INFORMATION SHOWN |
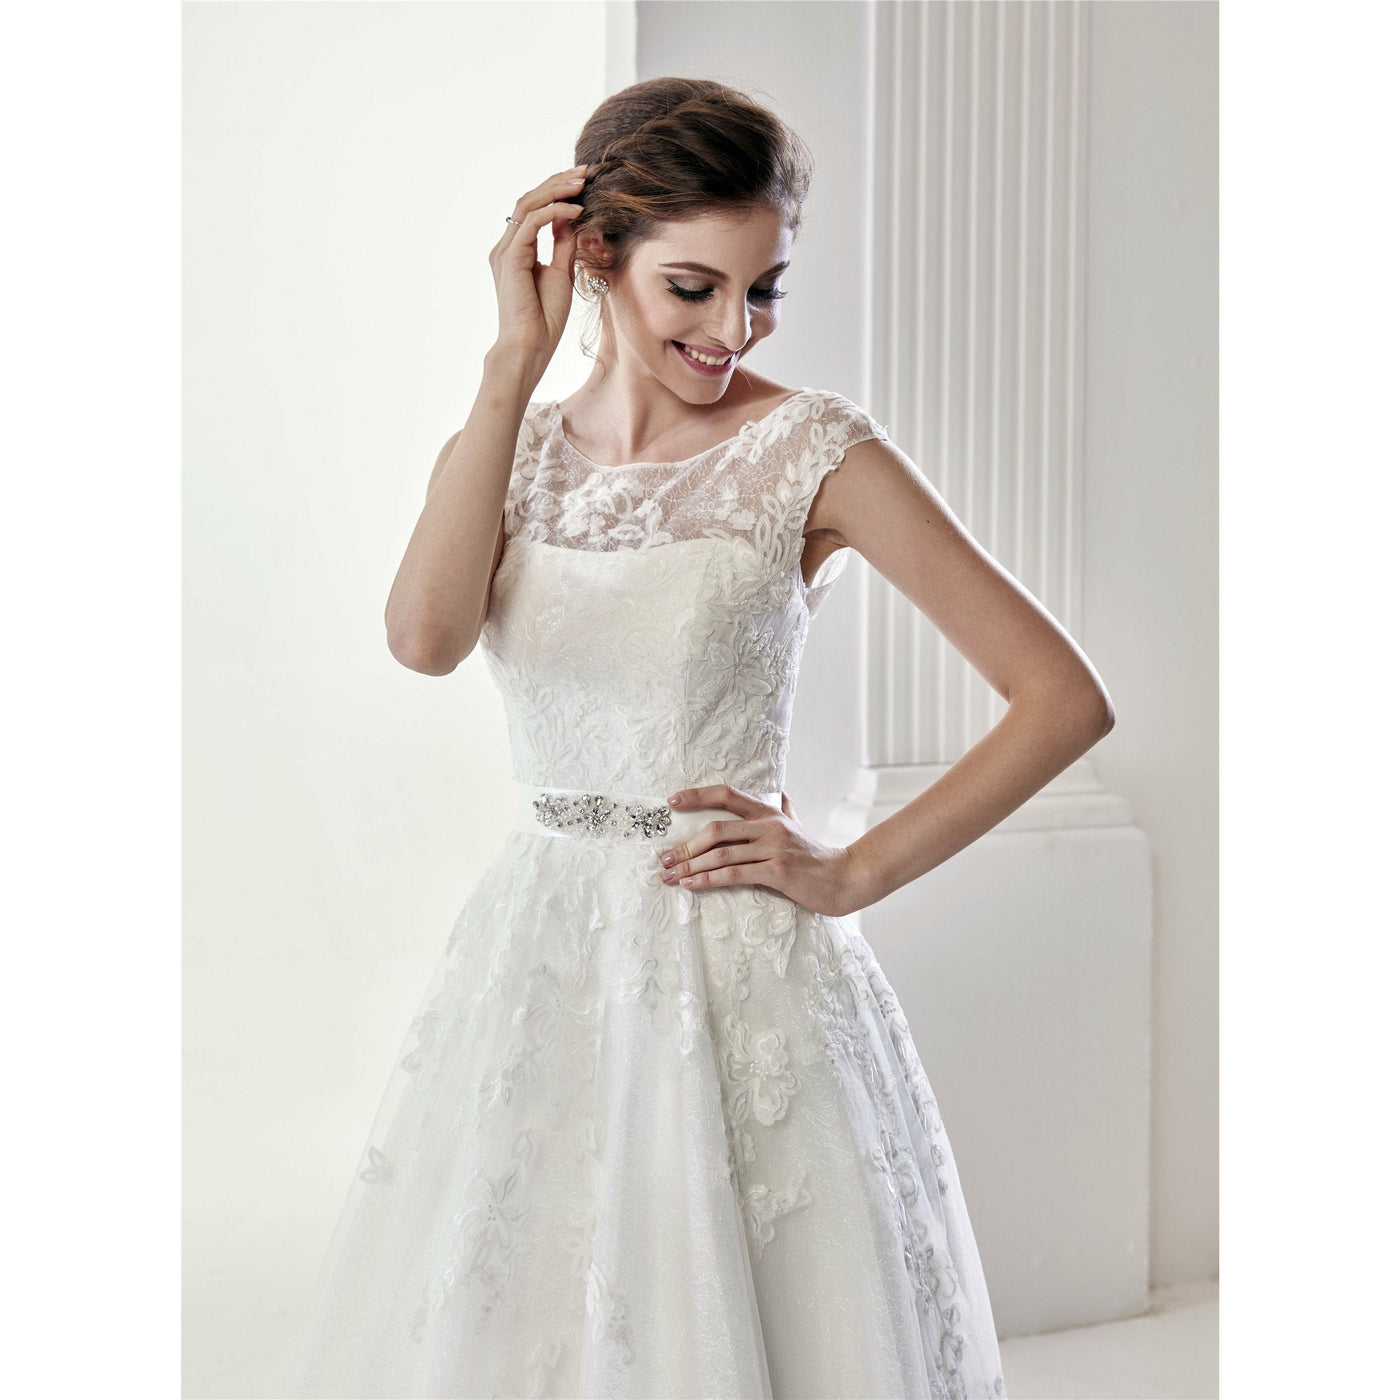 Chicely Illusion neckline Chantilly ly lace A-Line wedding dress1
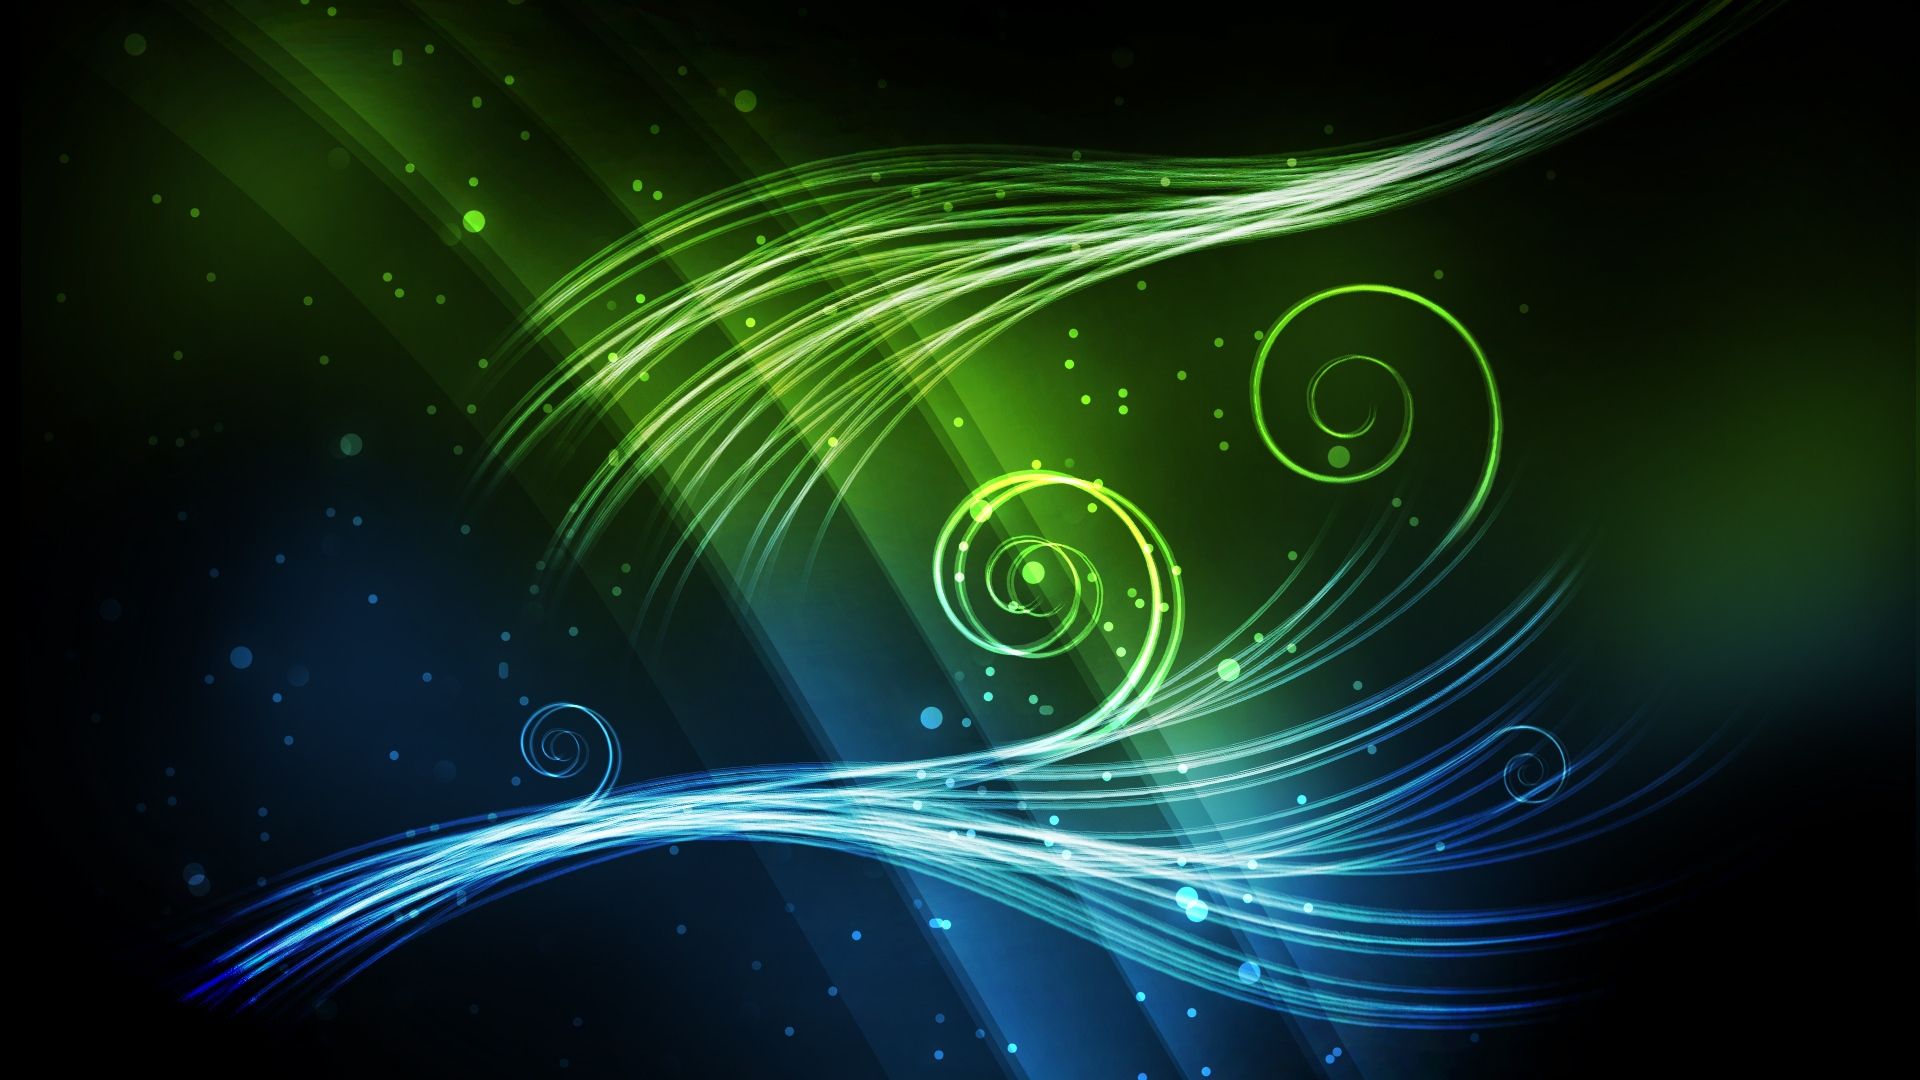 Download Wallpaper 1920x1080 abstract, blue, green, shiny Full HD 1080p HD Background
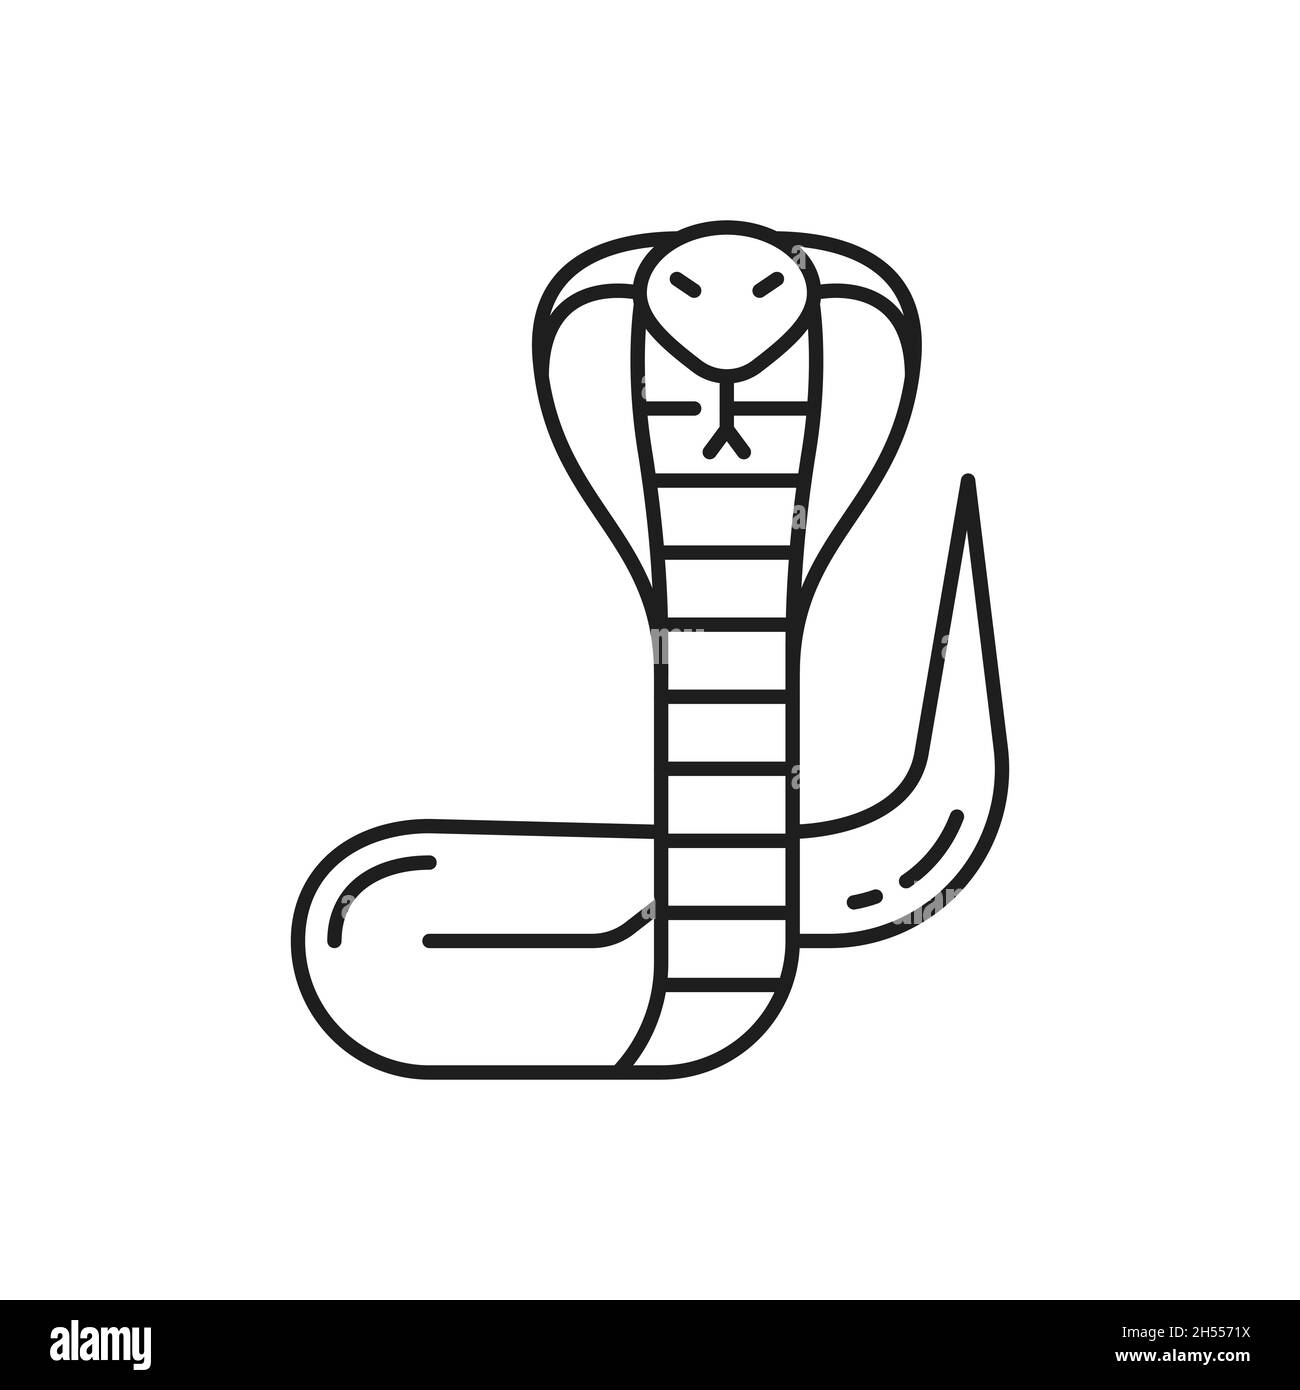 Thailand snake isolated thin line icon. Vector poisonous crawling invertebrate carling animal, linear Viper snake or rattlesnake from Thai or Thailand Stock Vector
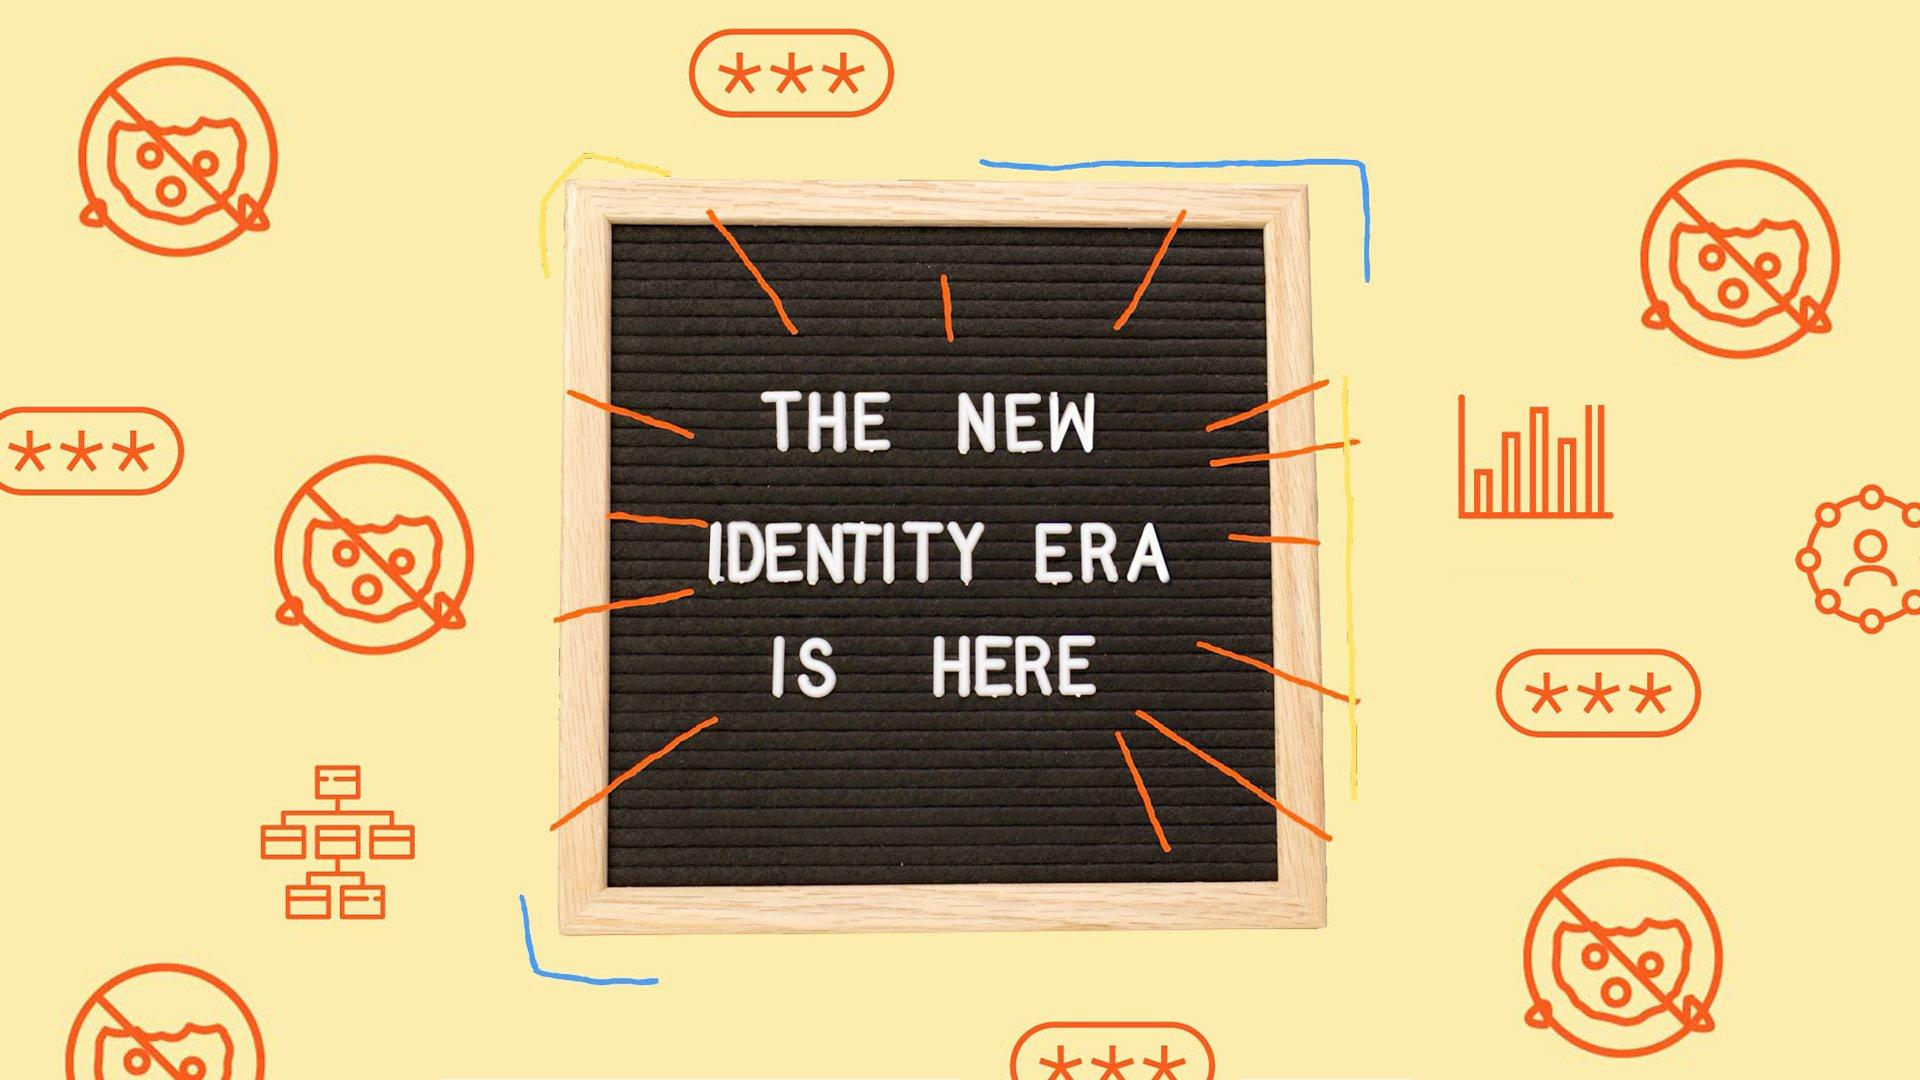 "The New Identity Era is Here"

EXERCISE DETAILS |
Only the lines from the one containing "Download Wallpaper 1920x1080" through the end of the listing should be output, word for word and inclusive; keep pictures out.

ANSWER SECTION |
 Download Wallpaper 1920x1080 abstract, blue, green, shiny Full HD 1080p HD Background
 Thailand snake isolated thin line icon. Vector poisonous crawling invertebrate carling animal, linear Viper snake or rattlesnake from Thai or Thailand Stock Vector
 "The New Identity Era is Here"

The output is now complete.